В палате сразу наступила тишина, даже храпевший Сойкин примолк во сне.

-- Проводил он раз политинформацию, это уж года четыре назад было... Ну и вот, зэк один у нас был, шебутной парень, Бекас кликуха, херсонский, вор был на загляденье, щипач. И вот этот Бекас просится у Мамочки в туалет, живот, мол, прихватило. Ну тот -- иди, а Бекас уже изготовил ключ от кабинета Мамочки. Вот пройдоха, -- улыбнулся Альбатрос. И все заулыбались сметливости незнакомого Бекаса. -- Открыл он, значит, кабинет Мамочки, быстренько облачился в его пальтухан с погонами, шапку, все честь по чести. И попылил к вахте -- Мамочка вроде домой к жинке спешит! -- засмеялся тут уже слепой в голос. И был смех подхвачен благодарными слушателями, особенно дурным Казариным, заржавшим во всю глотку. -- Он рассчитал все точно: осень поздняя стояла, Зона пустая, все на политинформации, а на вахте как раз стояли новобранцы, салажня...

Альбатрос чуть прервался, будто оглядывая притихших своих слушателей, чуть повел головой, улыбнулся.

-- Еще надо сказать, что Бекас был даже чуть похож на Мамочку и обычно подражал его голосу -- пугал дневального. И движения его имитировал, такой был клоун -- умора... Вот потому совершенно спокойно прошел он на вахту, и...

Все напряглись, открыв рты.

Альбатрос же сунул руку под подушку, поискал курево, кряхтя, стал чиркать спичками, разглядывая собаку на пачке сигарет "Лайка", которые звали тут "Портрет тещи".

-- Сволочь же ты, деда... -- беззлобно, почти любовно произнес изнывающий от ожидания продолжения Казарин.

Альбатрос неспешно закурил, с удовольствием выпустил дым, прокашлялся и продолжил:

-- Не понравилось что-то Мамочке в поведении Бекаса, знал он его дерзкую натуру. Вышел он вслед за ним на минуту из зала, позвонил дежурному лейтенанту -- встреть, мол, у входа того, кто сейчас выходить с вахты будет... Тормознули...

Все разом выдохнули, закивали головами, заохали. Иван Иванович сидел довольный, знал, как действует этот рассказ на слушателей...

-- Ну как в сказке прямо... -- покачал головой недоверчиво Володька.

Иваныч на это лишь кашлянул и заметил спокойно:

-- Ты еще не знаешь Мамочку. Он прост, да не так прост. О нем такие у нас небылицы рассказывали, я-то и сам не верил. Пока этот вот случай не произошел... Что думаешь, ордена человеку просто так дают?
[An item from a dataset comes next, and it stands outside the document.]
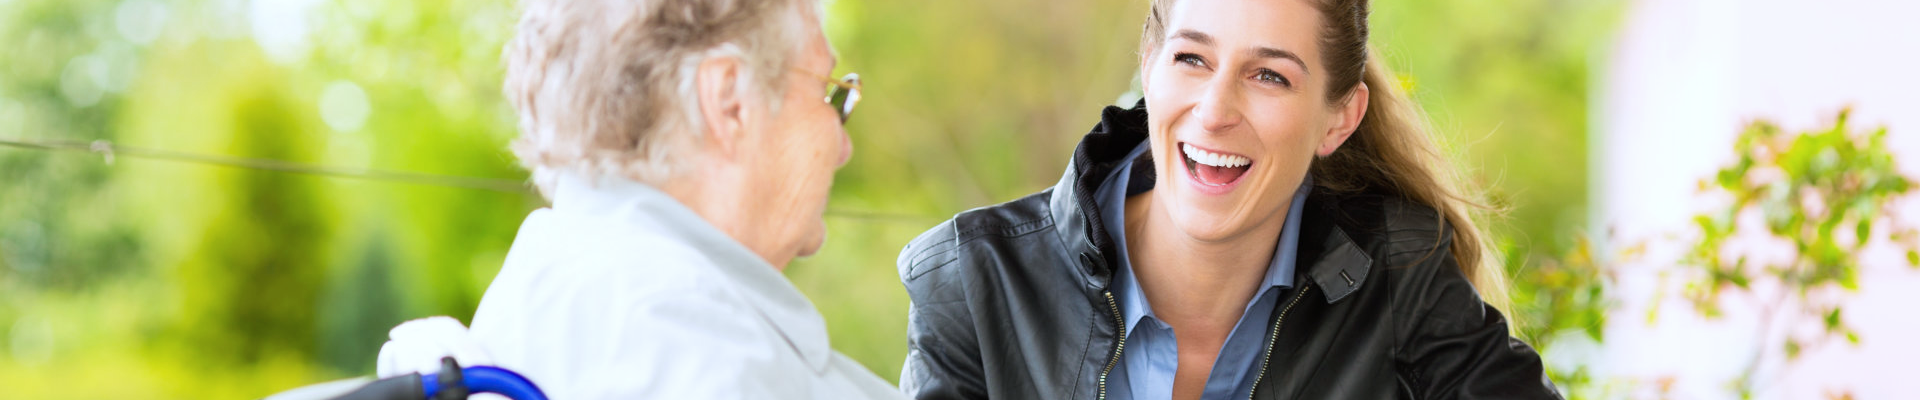 caregiver smiling to patient

Володька кивнул да стал неспешно собираться. Не хотелось уходить, а надо было в Зону: как там Батя, сам не свой? Где ж Васька сейчас -- на воле уже или как?

ЗОНА. ЛЕБЕДУШКИН

Ваську я обнаружил в бараке, под кроватью у Бати. Сидел он там в уголке с привязанным к железной лапе черным сверточком. Осторожно достал птицу, отвязал маленькую плиточку чая, погладил. Ладный уже ворон был и не такой убитый горем, каким я его в последний раз видел.

-- Ишь ты, как помощнел, -- говорю, -- вот, ворон, вторично ты от майора сбежал. Тебя он уже во всесоюзный розыск скоро объявит, стервеца. А? -- погладил я ему хохолок. -- Я от бабушки ушел, я от дедушки ушел... Колобок ты мой летающий.

Все я никак не мог успокоиться, оглядываю его. А он спокоен, как фараон, мой восторг ребячий принимает, будто так и надо. Шельма. Подмигнул даже мне, говорит будто: я еще не то могу, подожди...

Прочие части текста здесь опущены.